I had to get my son Henry to French camp by 9am, so we jumped into the street to bypass a mob of children and tour guides. After 30 years in Boston, I know the traffic patterns well.
“He’s Irish, Dad – he’s just moved over here from Dublin – but he sounds English?”
“Well there are many Irish accents … maybe he just sounds English to you?”
“No Dad, he’s English. You know I’m good at accents.”
“He could be from south Dublin or his parents could be English?”
I go into the differences between north and south Dublin, but decide not to direct him immediately to the Ross O’Carroll-Kelly columns.
“But Dad, he doesn’t say ‘me spoon’ or ‘me hat’?”
Explaining the many different Irish and English accents to a stubborn 12-year-old, who takes “YouTube” Irish as the definitive Irish, is harder than you might think.
Dropping Henry off in Boston’s Back Bay allows me time to stroll home through the Boston Public Garden, established in 1837. I’ve often rushed through this beautiful green space in the heart of the city, on my way to somewhere else, but never with a few minutes to spare and time to reflect. I sit down under a large weeping willow and take in the beginnings of a steamy Boston morning.

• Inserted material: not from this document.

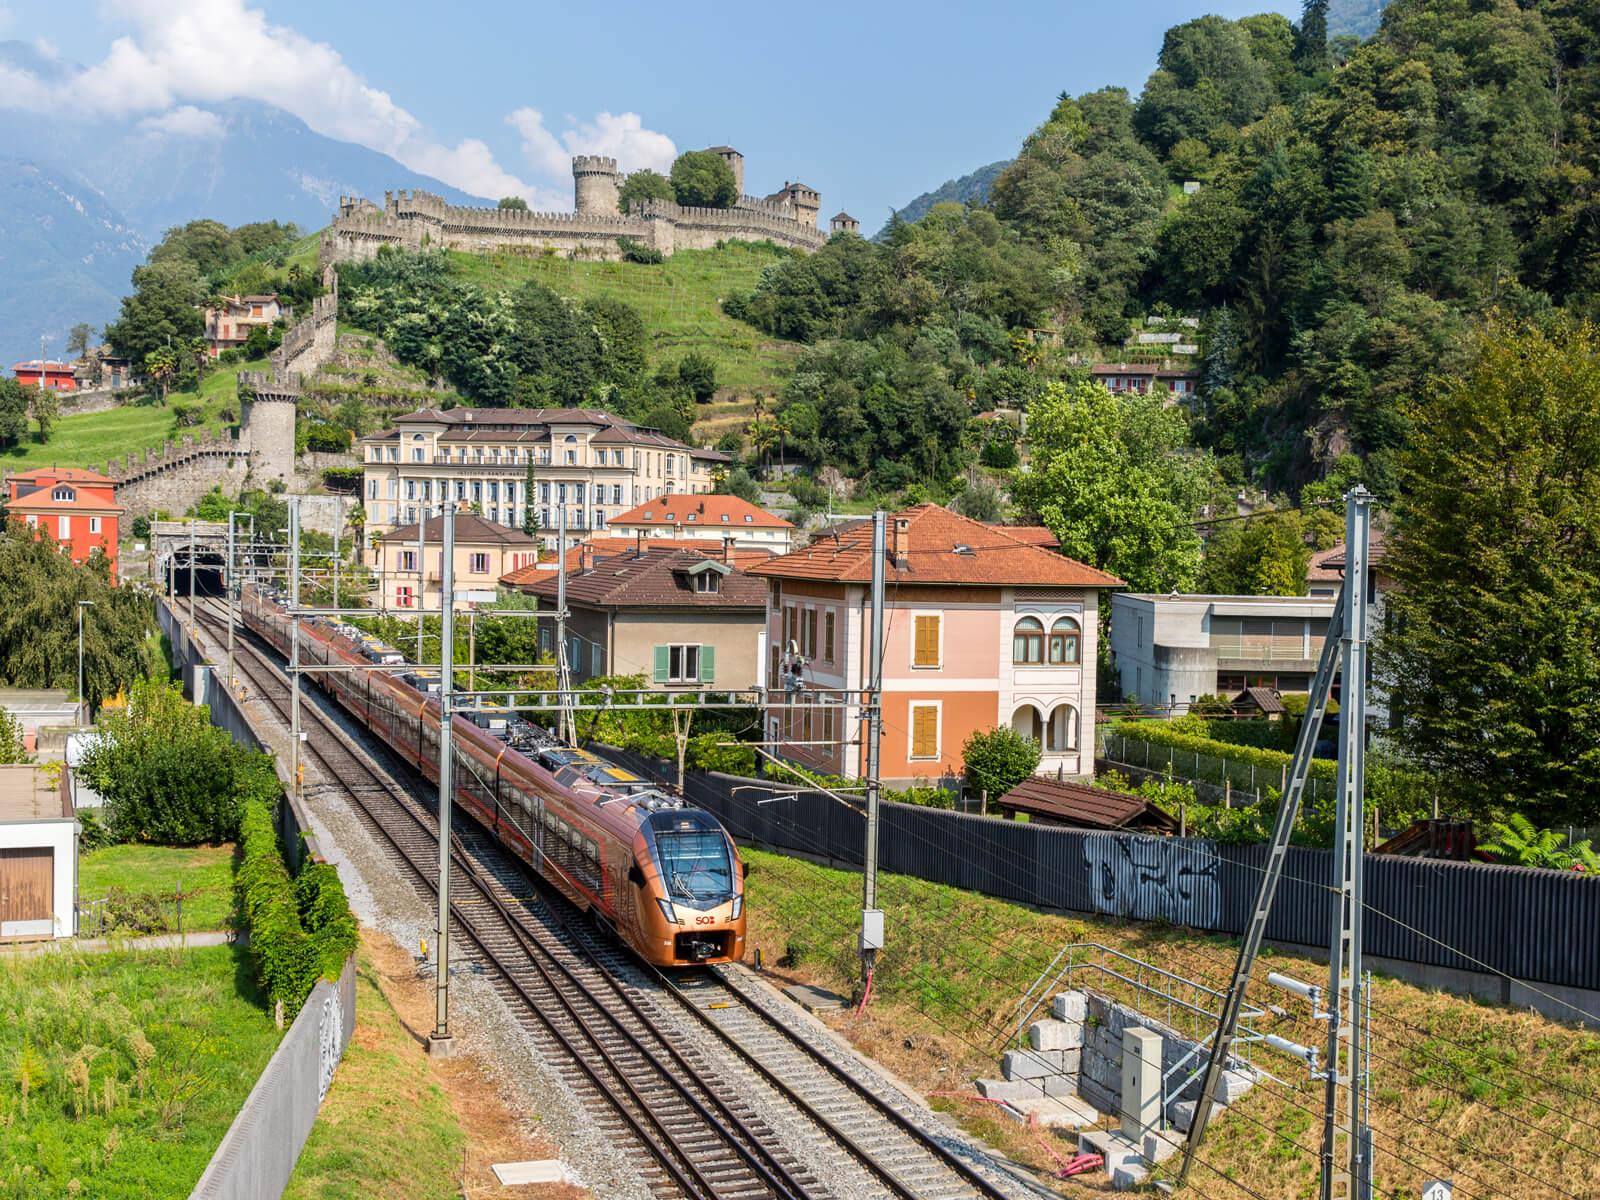 Treno Gottardo in Bellinzona (Copyright Markus Schälli/Ticino Turismo)

Swan Boats are moving slowly under pedal power across the lagoon, and I hear a group of Irish students chatting. On this late summer’s day, they must be thinking about the return home after their J1 experience, just as I was contemplating my return in the late summer of 1983.

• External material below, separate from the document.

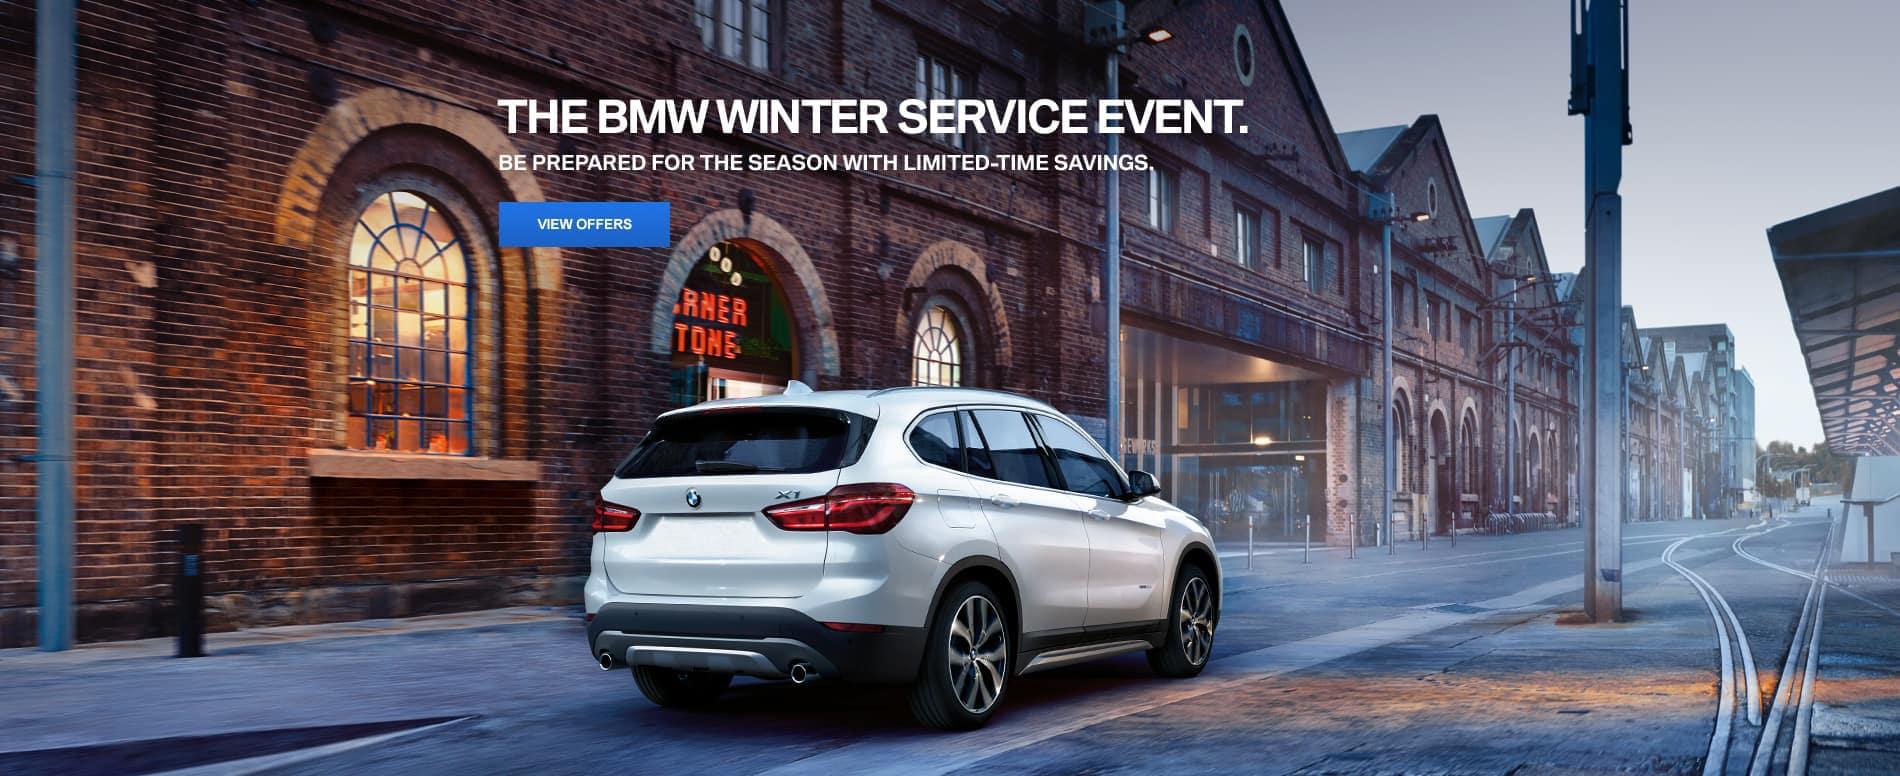 Elmhurst BMW a BMW Dealer Serving Chicago

The excitement of going home was palpable over those final few days. Tickets checked and checked again, college thesis finalised and $2,000 in my back pocket, my American mission was accomplished. Memories had been made and bucket list checked: photos taken on top of the World Trade Centre, at the Statue of Liberty and in Times Square. Returning to the States again was never an option I considered then. Having American children was beyond the pale.
The iPhone in my pocket buzzes.
“Dad, I’m the oldest here.”
“Don’t worry, it’s only for two weeks.”
Dad, you’re not listening – I’m the oldest here.”

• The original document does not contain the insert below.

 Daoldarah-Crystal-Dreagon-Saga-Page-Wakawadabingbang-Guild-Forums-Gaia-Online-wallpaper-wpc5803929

“Ok, we can change to rock climbing for the final week of summer.”
Time has moved on and my Mum and Dad are both gone now. I heard her say in those last days that they had a good life – a realisation that their time was near. I was lucky enough to spend a few long weekends in Ireland caring for them before they left.
I told her I loved her over the phone from Massachusetts, and that I’d see her soon. We were not a family to say such things, but I heard her tell the carer what I said.
“He loves me you know, he just told me.”
I realised this week that I no longer want to open the Executive Jobs section in The Irish Times. I used to check the Irish job ads frequently, but in all these years, I never applied for any position. It was a habit, a comfort. A link to somewhere else. There’s no need anymore.
Last trip home
It’s been two years now since my last trip home and the pull has gone. It’s a scary thing when it happens; it was unexpected. No more running through the airport for my duty-free purchases and the cigs for mum. No more welcomes in the wee hours of the morning and drives past the Harp Brewery in Dundalk; no more “what time did you leave at” and “how many were on the flight” questions.
The iPhone goes again. “Dad, you forgot my lunch.”
“Ok, I’ll drop by with it.”
“Dad, don’t forget and stop daydreaming .”
“I will – don’t worry Henry. On my way.”